A new report forecasts a gradual but steady rise in offshore oil and gas decommissioning in the UK and Norway over the next ten years.
Activity is set to grow from a market worth over £2 billion in 2015, according to
Decommissioning Insight 2016.
The report is launched today by Oil & Gas UK, the leading trade association for the UK offshore oil and gas industry, at an industry conference on decommissioning in St Andrews.
It is the first survey of both the UK and Norwegian decommissioning markets and provides the most comprehensive picture to date of anticipated activity in these two countries between now and 2025.
It confirms that decommissioning is a growing, if still emerging, market, despite low oil prices continuing to challenge the economics of the more mature offshore assets around the North Sea.
Total decommissioning expenditure in the UK and Norway last year was £2.1bn, compared with just under £1.6bn in 2014, and represented 5% of total industry expenditure, compared with 2% in 2010.

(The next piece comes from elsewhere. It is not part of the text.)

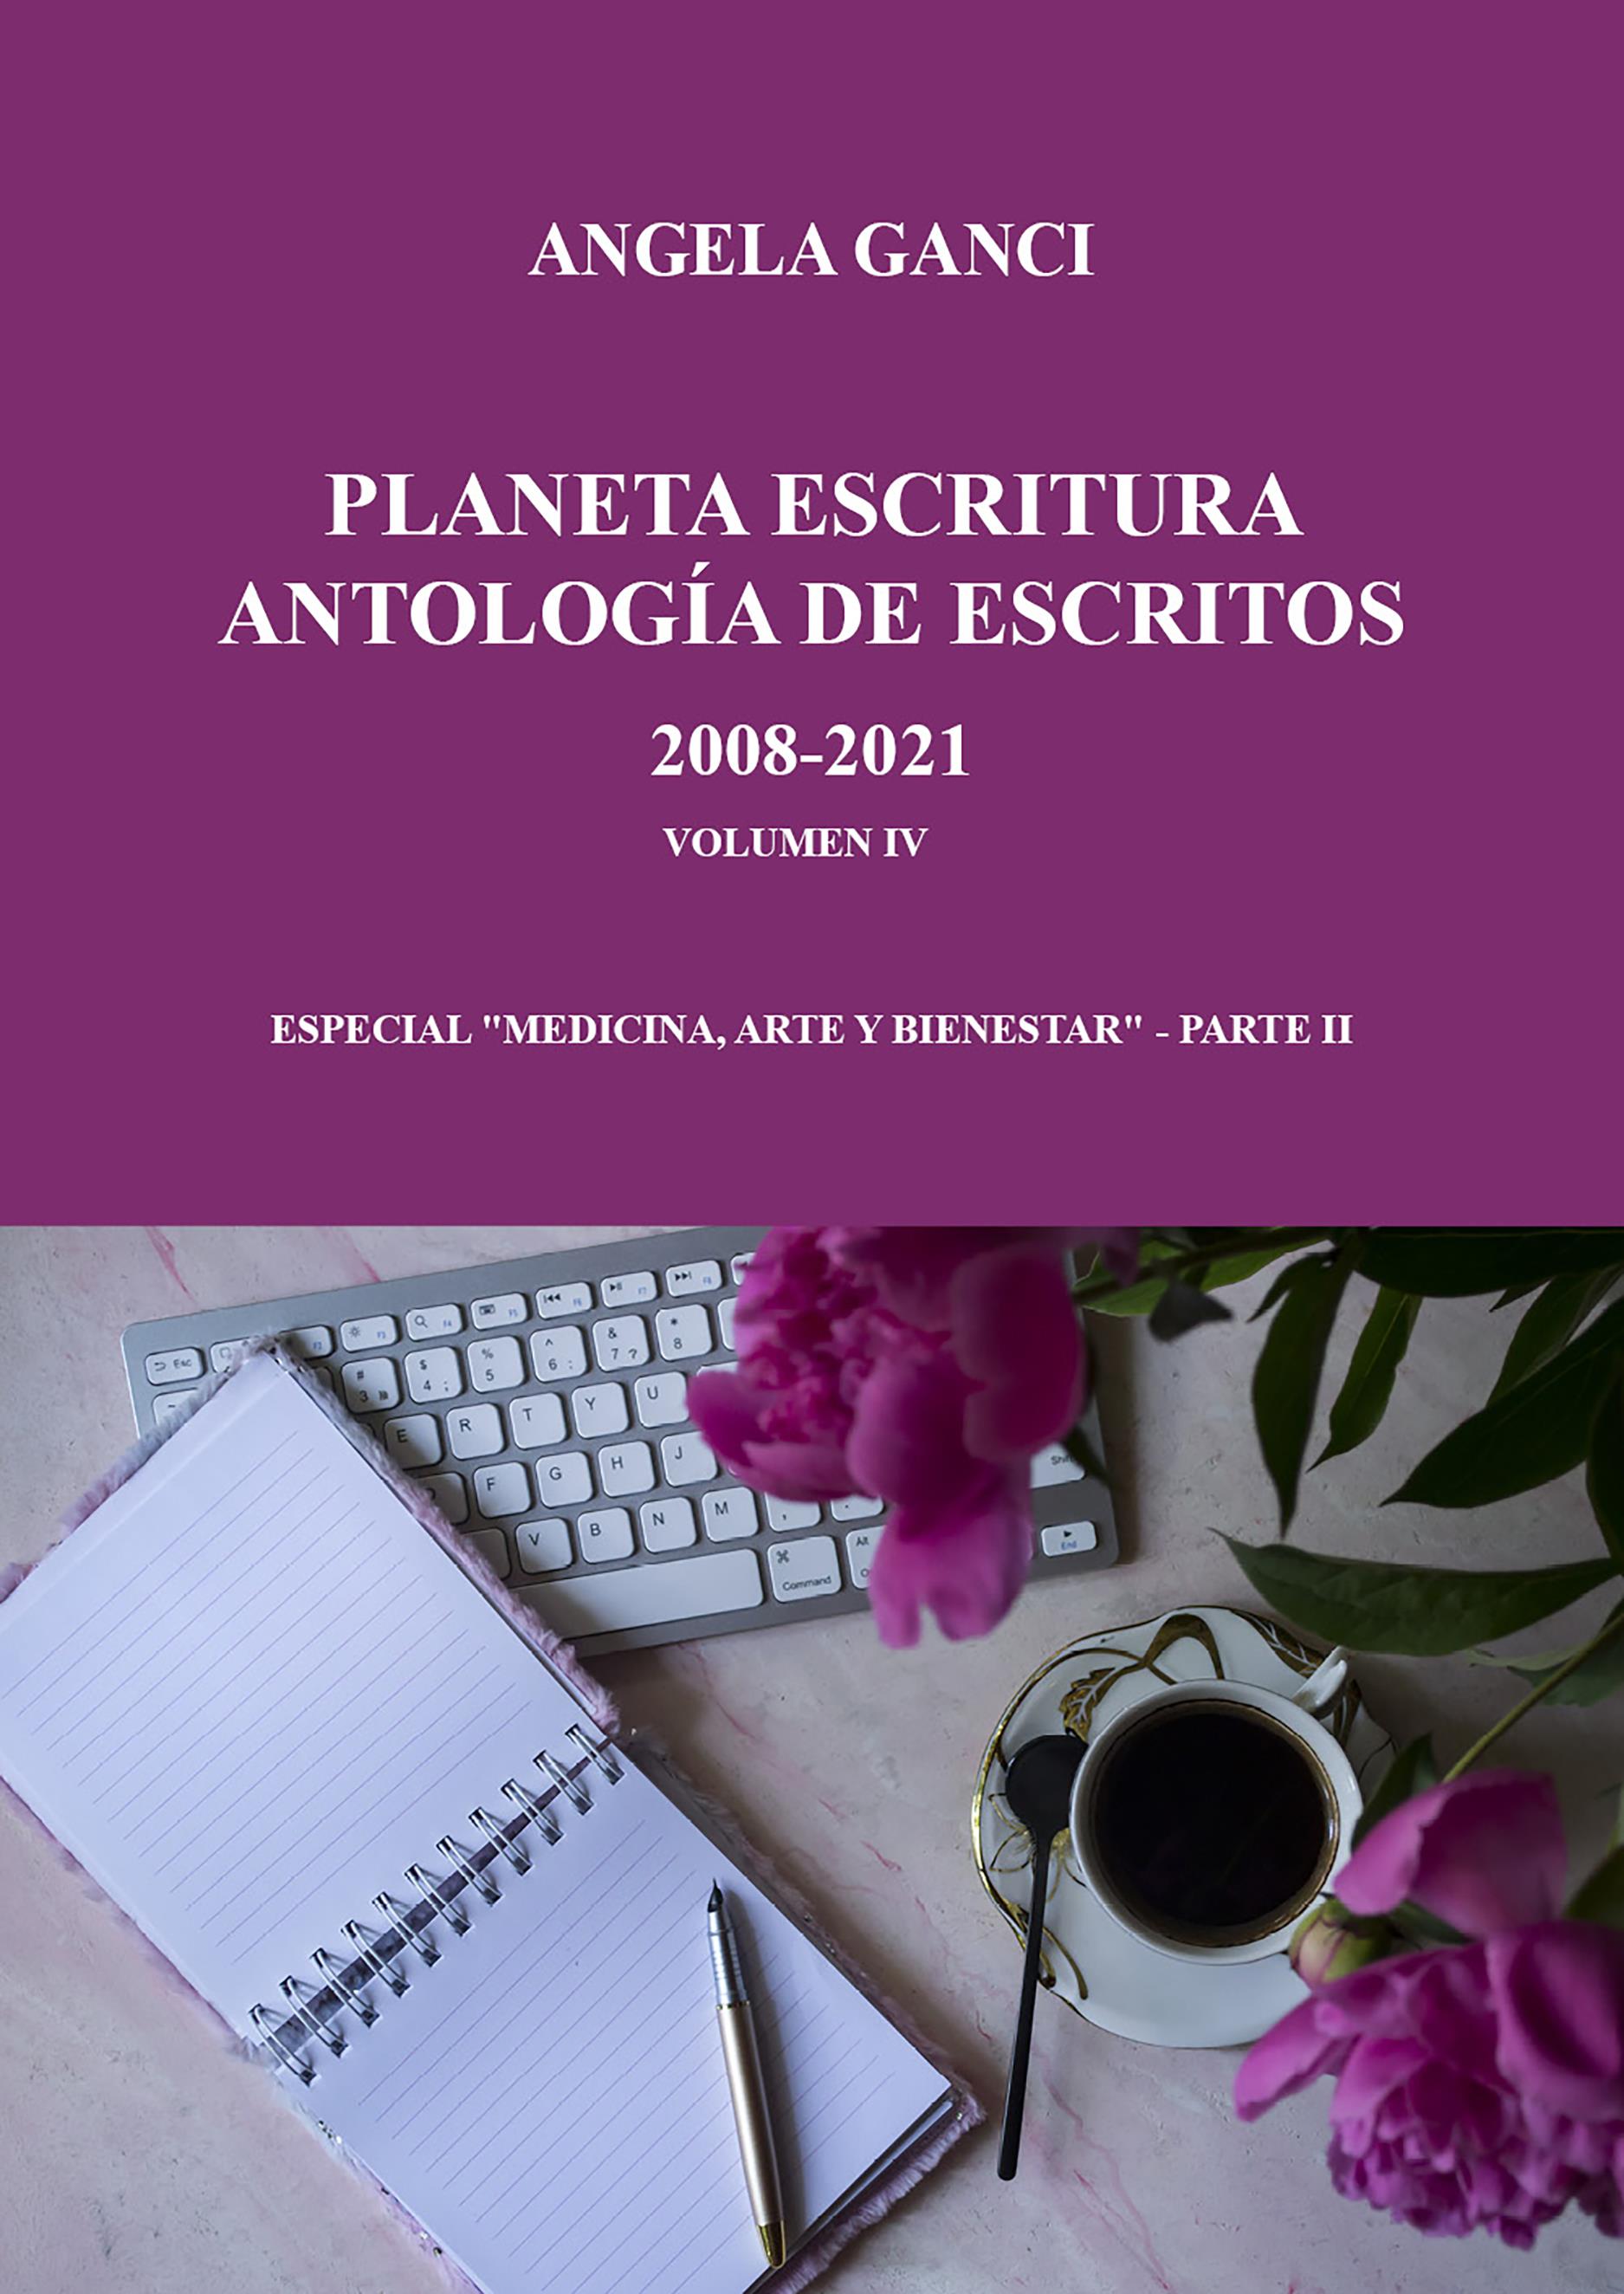 Planeta escritura antología de escritos 2008-2021 volumen iv especial "Medicina, arte y biene-star" - Parte II

The total amount forecast to be spent on decommissioning on the UK Continental Shelf (UKCS) between now and 2025 is £17.6bn up from £16.9bn for 2015-2024.
Mike Tholen, Oil & Gas UK’s upstream policy director, said: “With low oil prices continuing, you might expect decommissioning to be a key focus for the sector in the years ahead, however we are not witnessing a rush to decommission.
“Different factors are at play and the picture is much more complex.
“Some companies are deferring cessation of production as field life has been extended by sustained efficiency improvements; others are delaying activity due to cash-flow constraints.
“Elsewhere, companies may be expediting decommissioning to take advantage of falling costs in the current downturn.”
Most of the 52 new projects in this year’s report have been a long time in the planning. Over the next decade, there are more than 100 platforms forecast for complete or partial removal from both the UK and Norwegian continental shelves.
Over 1,800 wells are scheduled to be plugged and abandoned and around 7,500 km of pipeline is forecast to be decommissioned.
Mr Tholen continued: “Of the estimated £17.6 billion of decommissioning expenditure on the UKCS over the next ten years, more than 50 per cent of this market will be found in the central North Sea.